Since he's looking for still more input from the lunatic fringe on the 'net, and he's a bit risk-averse, I thought I'd share the most important piece of advice to new investors: THE STOCK MARKET IS COMPLETELY RIGGED.

This is basic human nature. Any time there is a financial incentive to cheat, people will cheat... and insiders know both how to cheat, and how to stay out of jail. I've read a fair share of books about how hedge-fund managers make their millions... It goes something like this: barely legal bribes for barely legal insider information. Most of our current financial woes are because of Wall Street cons that outlived their usefulness, or went too far.

Does that mean its hopeless?
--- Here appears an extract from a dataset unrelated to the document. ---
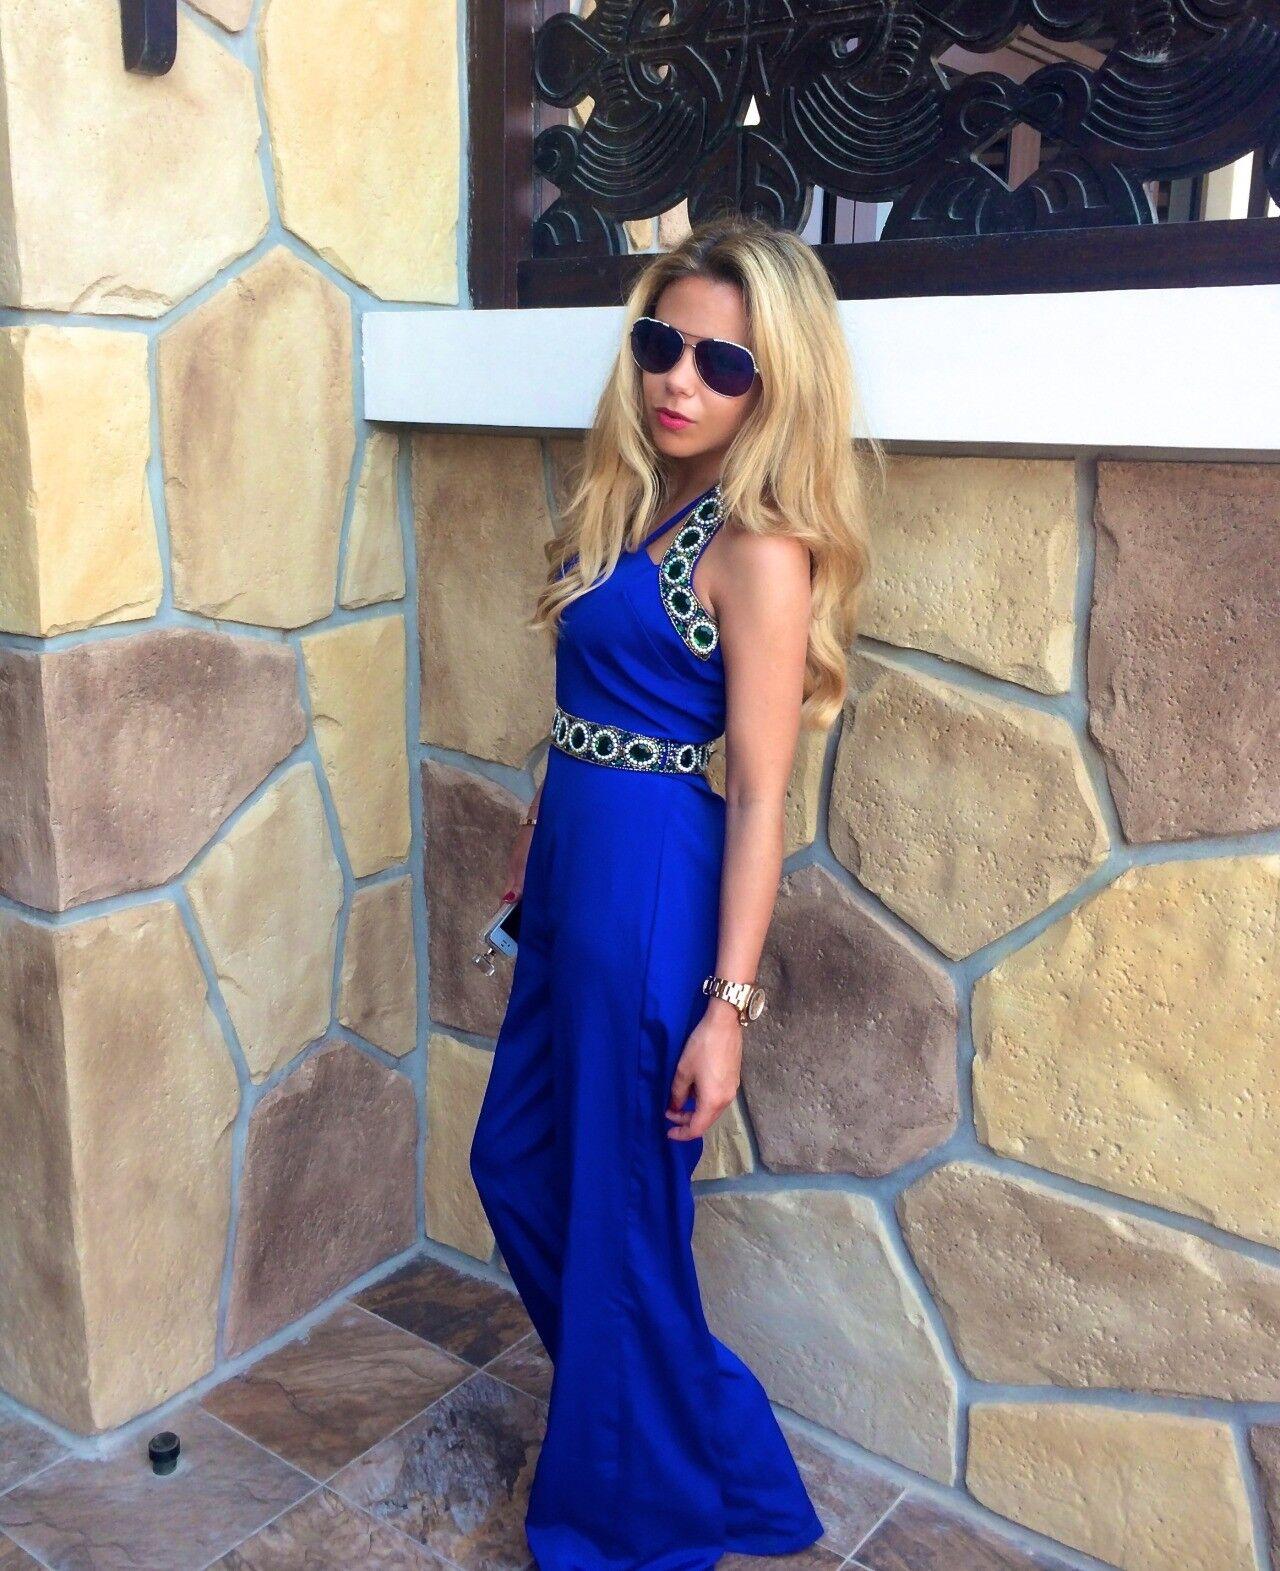 Virgos Lounge bluee Embellished Jumpsuit Dress Wedding Cruise Occasion Party 10
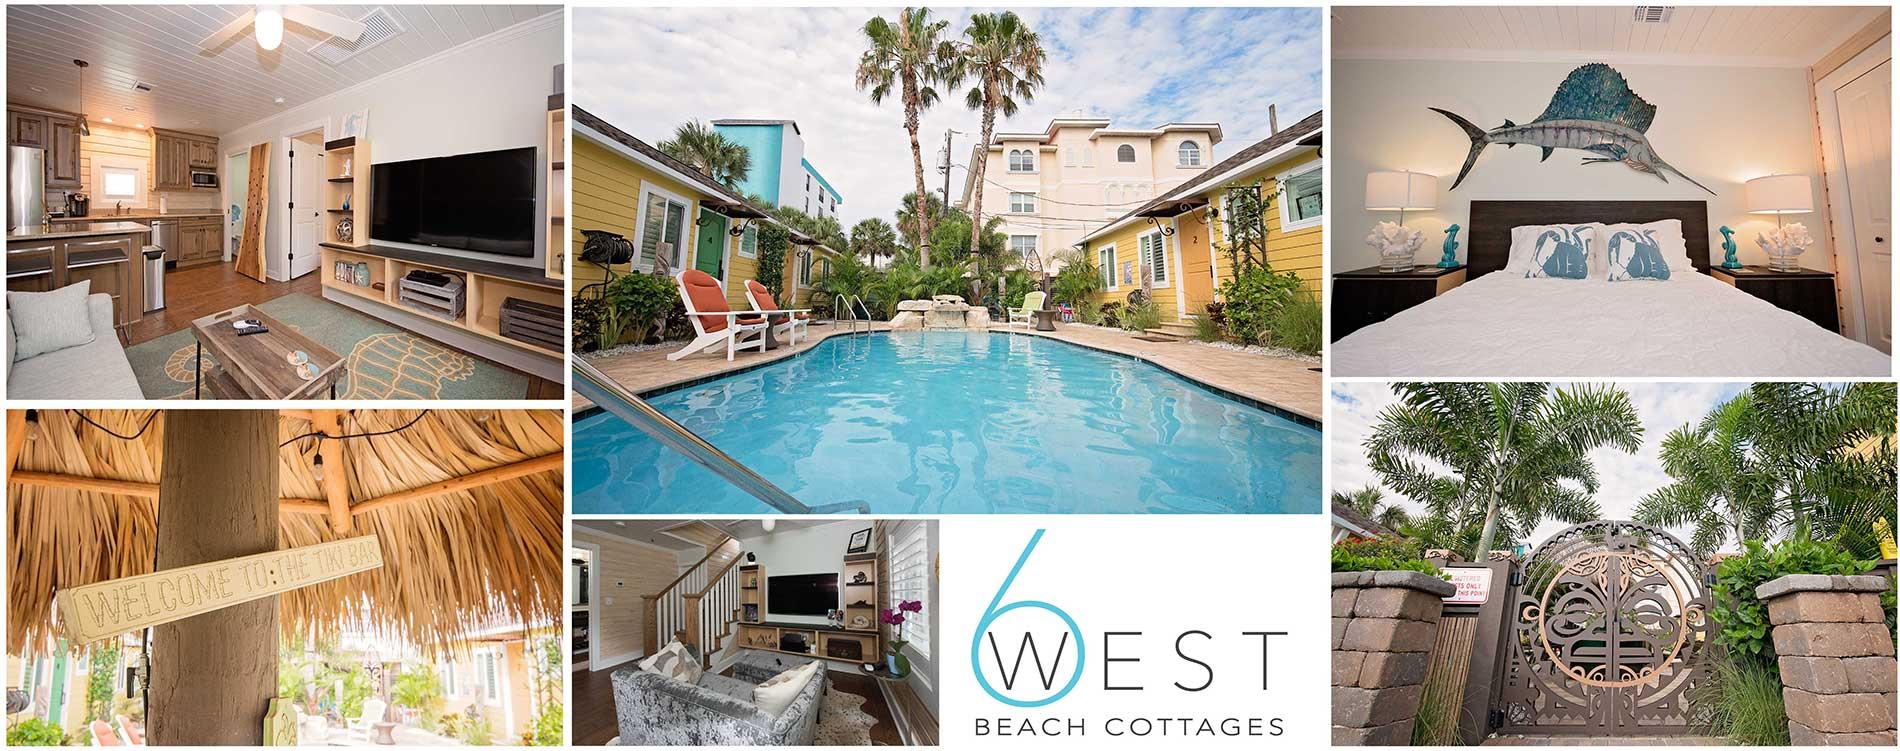 Sunset Inn & Cottages & 6West Beach Cottages

Nope... you just need to know how to make money on a rigged game. This means you need to take a hard look at anything that is currently making money (even index funds), figure out how somebody could rig them, then invest in such a way to minimize the rigging. Don't expect a money manager to give you this advice: that would force him to admit that he's involved in a totally crooked industry.

For example... take Warren Buffet's standard advice to people who want to invest, but don't have the time to monitor individual investments: "buy an index fund, and get back to work!"

Not a bad idea... index funds make a lot of money, especially if you have the cash to invest right now. But first think how could an index fund be rigged? This is simple. Consider the most common index, the Standard & Poor's 500. Next, imagine you're a big company, but the S&P committee judges that you lie just outside the top 500 companies. If only you could do a tiny bit better, you'd be in the index. Why should you care? Well, because if your company makes it to number 500, then suddenly a bazillion computerized 'buy' orders will go through, because your stock is now on the S&P 500 index!

Therefore... the leaders of this company have a strong incentive to engage in sketchy -- if not downright ILLEGAL -- accounting practices to make that happen. This doesn't meant that they would, but there is a strong incentive to do so... if the CFO indeed cooks the books, then the company appears on paper to be healthier than it really is, which pollutes the value of the index... Likewise, company #499 has even MORE reason to cheat... if they had a bad quarter, they fall off the index, a bunch of computerized managers sell the stock, and the stock plummets further. Those who have been on the index for a long time have an even larger incentive to lie, cheat, and steal to stay on that index!

Instead, be like Goldilocks! Have a nice blend of the 400 (or so) companies that have been there for long enough that you know they're OK, but not so long that they have to worry about dropping off. Others have run the numbers, and its true that an index like the Goldilocks 400 makes significantly more than the S&P 500, and could be managed with a very small shell script. Naturally, this advice only works if not many people follow it... luckily nobody reads this blog.

Investors, please line up to the right ;-)

Whole market index fund

This is one reason why Random Walk Down Wall Street recommends investing in a "whole market" index fund, which covers virtually the entire stock market.

the trouble there...

Is that then you can only do as well as the whole stock market... cheaters and all.

Instead, you could invest in companies with good cultures, who by their very nature would churn out competent managers, and honest leadership. Such beasts are hard to find, but they do exist.

How should you find them? There are many ways, but one interesting metric is based on social responsibility... in any industry (lumber, automobile, computer, chemical) there are those that are genuinely more socially responsible. Either based on environmental policies, hiring policies, charity, etc. Wall Street usually skoffs at such behavior, but those who have genuine policies around social responsibility usually have a more long-term view of their industry. This is a good indicator of long term planning, better culture, better managers, fewer lawsuits, fewer PR issues, fewer regulatory issues, and the like.

For example, GM is bigger, but Volkswagen is a better investment. Dell is bigger, but Apple is a better investment. Wall Mart is bigger, but Costco is a better investment. The problem is that most "socially responsible" funds usually shy away from buying energy, automobile, or chemical companies... even tho doing so would encourage better behavior on their parts... so you're pretty much on your own.